In 1972 another partial repair took place, on the occasion of which the 2020.01 was also given the blood orange paint. The boiler was also expanded. But even this overhaul did not significantly reduce the susceptibility to failure. The diesel engines in particular showed some weaknesses, so that in 1975 engine system 2 received a diesel engine type T12c (like locomotive series 2143, but with a reduced speed of 1250 rpm and thus reduced power). Incidentally, the engine came from the decommissioned prototype locomotive 2041. The locomotive continued to operate until September 1977, when Plant 1 - still with the original T12b engine - was shut down due to engine damage. Now with an operational machine system, it only continued to run in the subordinate service - primarily for construction trains.
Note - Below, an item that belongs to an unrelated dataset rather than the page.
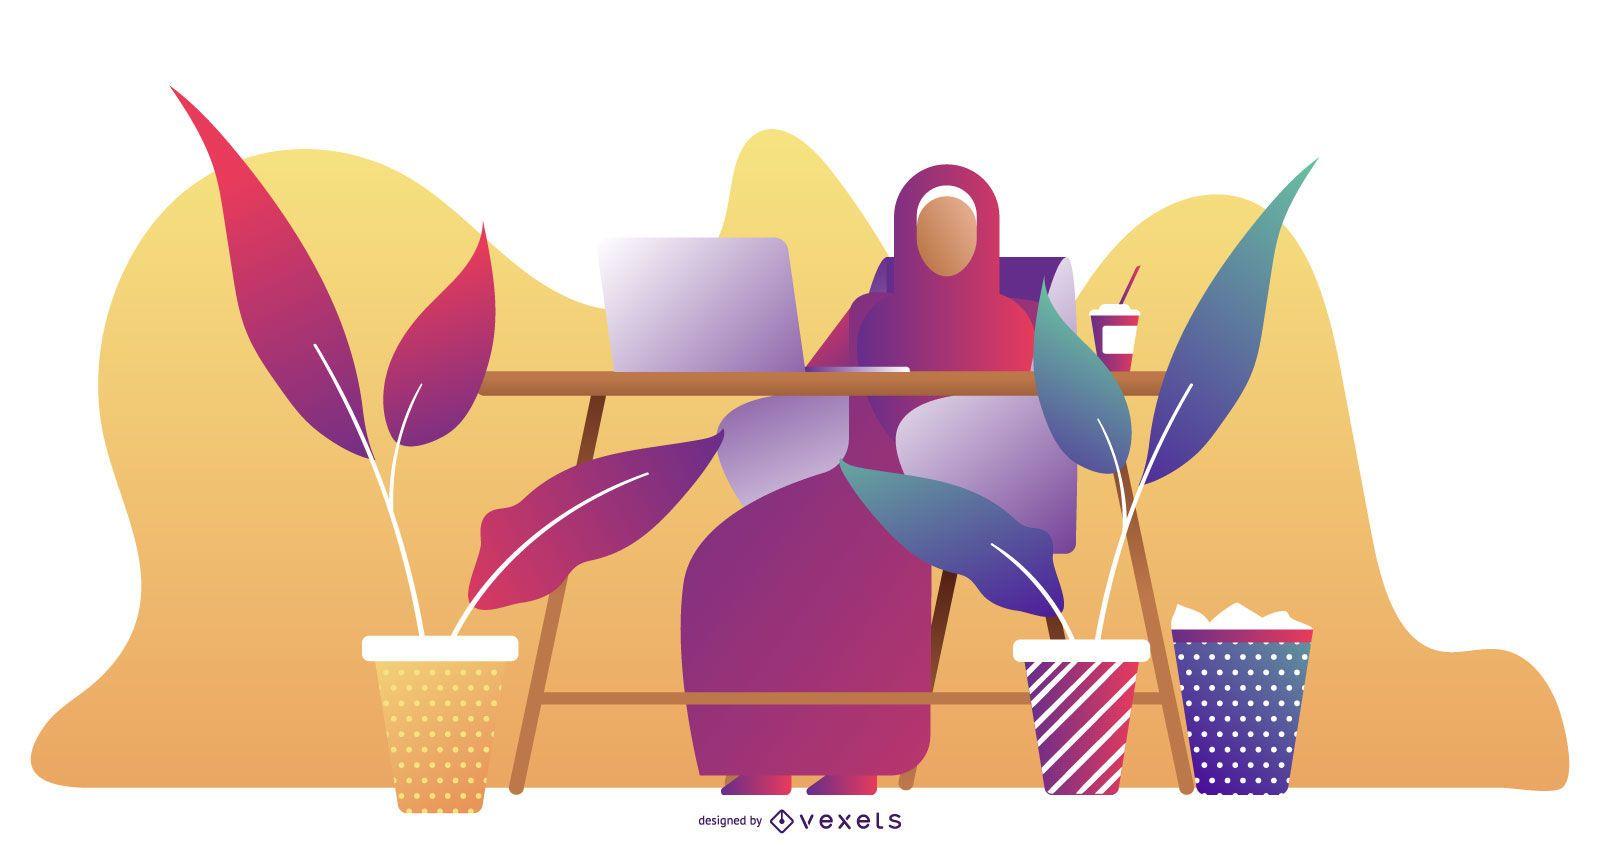 Arab Woman Illustration Design

Retirement and whereabouts

After another engine failure on one of the still serviceable machinery, the 2020.01 was shut down on May 6, 1980 after a total mileage of around 1,150,000 km and taken out of service on June 28, 1980. First of all, the locomotive was erected as a memorial on the grounds of the Vienna East train conveyor. It was removed from there on February 27, 2002 after it had been sold to the Austrian Club for Diesel Locomotive History (ÖCG) and the demolition of the site for the construction of the Vienna Central Station was in the foreseeable future. After removing the parts that could still be used in the main workshop in St. Pölten, the 2020.01 locomotive was externally refurbished and erected as a memorial in Amstetten . This saved her from scrapping. Due to the closure of the Amstetten train line, she also had to leave there. In 2017 it was still owned by the ÖCG.
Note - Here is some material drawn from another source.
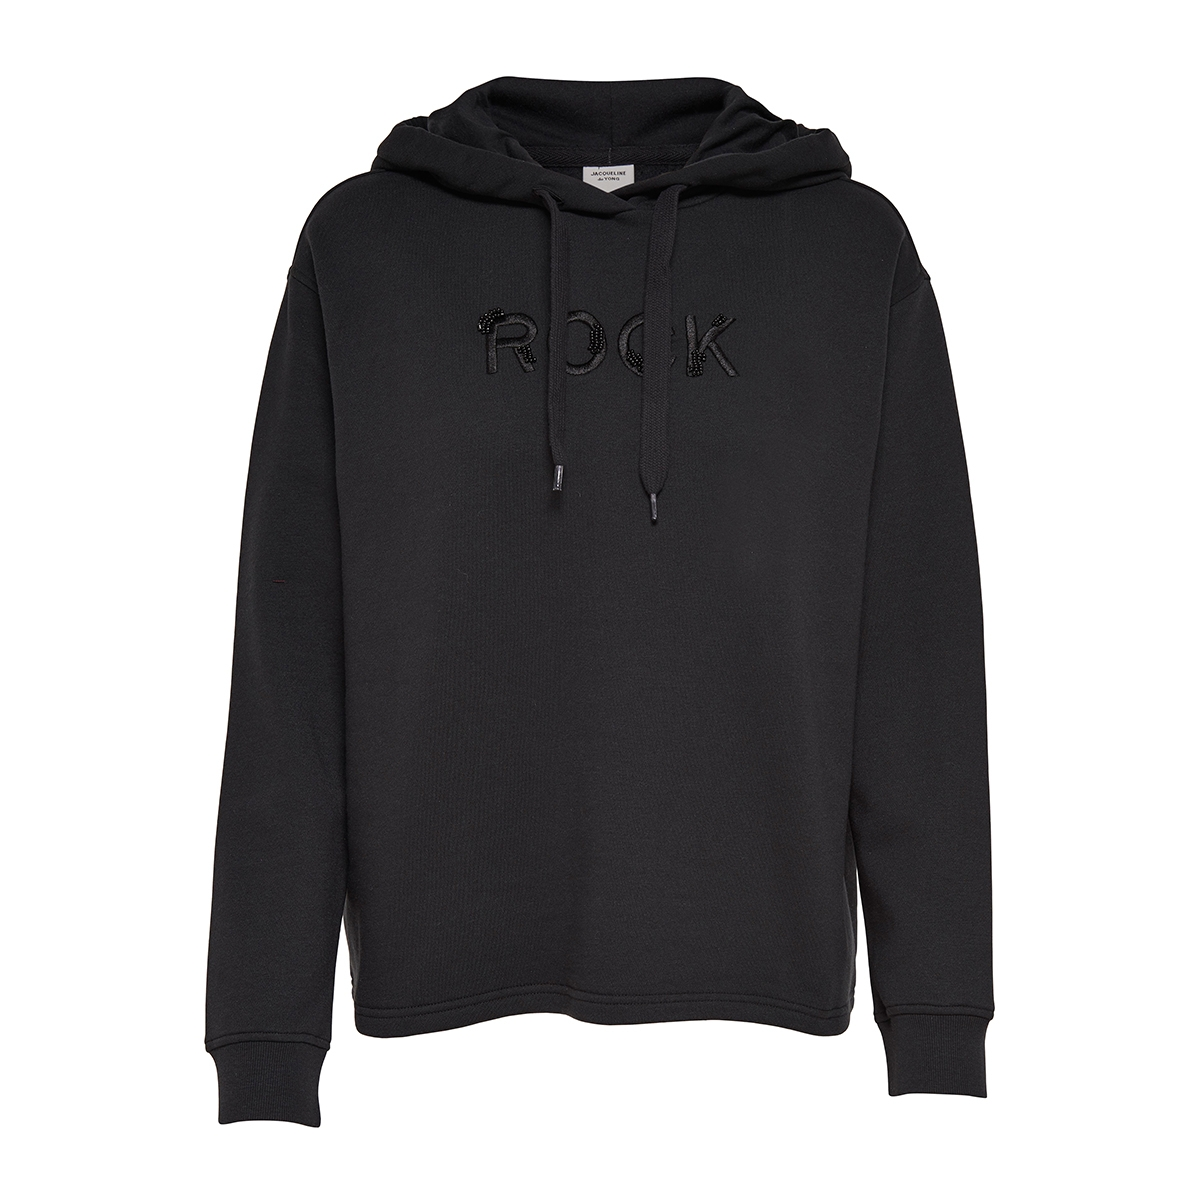 jdykora l/s emb hood sweat jrs 15161166 jacqueline de yong sweater black/rock embro

Due to a lack of space, however, it was handed over to Mistelbach in 2016 and is located in the Mistelbach Lokalbahn nostalgia base of the Neue Landesbahn association.

literature

Josef Otto Slezak: The Locomotives of the Republic of Austria. Third edition. Slezak publishing house, Vienna. ISBN 3-85416-075-5 .
Wolfgang Kaiser: The golden age of ÖBB. GeraMond, Munich 2014. ISBN 978-3-86245-160-9
Diesel-hydraulic mainline locomotive series 2020 of the SGP . In: Railway. ISSN 0013-2756 ZDB -ID 162227-4 . Born 1960, issue 6, pp. 94–95.

Web links

Commons : ÖBB 2020 - Collection of images

Pictures of the ÖBB 2020.01
Pictures of the ÖBB 2020 on schienenfahrzeuge.netshadow.at. Archived from the original on November 29, 2014 ; accessed on September 28, 2016 .
Pictures of the ÖBB 2020 on www.bahntechnisches-bildarchiv.at
ÖBB locomotive statistics 2020.01 on rangierdiesel.de

Individual evidence

↑ Günter Hellein: Monument locomotive goes to the ÖCG. In: Eisenbahnverkehr aktuell (SVA). Pospischil publishing house, Vienna. ZDB ID 568412-2 . Issue 10, year 2002. p. 38.
↑ Locomotive list of the ÖCG (accessed April 17, 2017).
↑ Diesel locomotive 2020.01 The largest and most powerful diesel locomotive of the ÖBB (accessed August 27, 2020).

[1] Günter Hellein: Monument locomotive goes to the ÖCG. In: Eisenbahnverkehr aktuell (SVA). Pospischil publishing house, Vienna. ZDB ID 568412-2 . Issue 10, year 2002. p. 38.

[2] Locomotive list of the ÖCG (accessed April 17, 2017).

[3] Diesel locomotive 2020.01 The largest and most powerful diesel locomotive of the ÖBB (accessed August 27, 2020).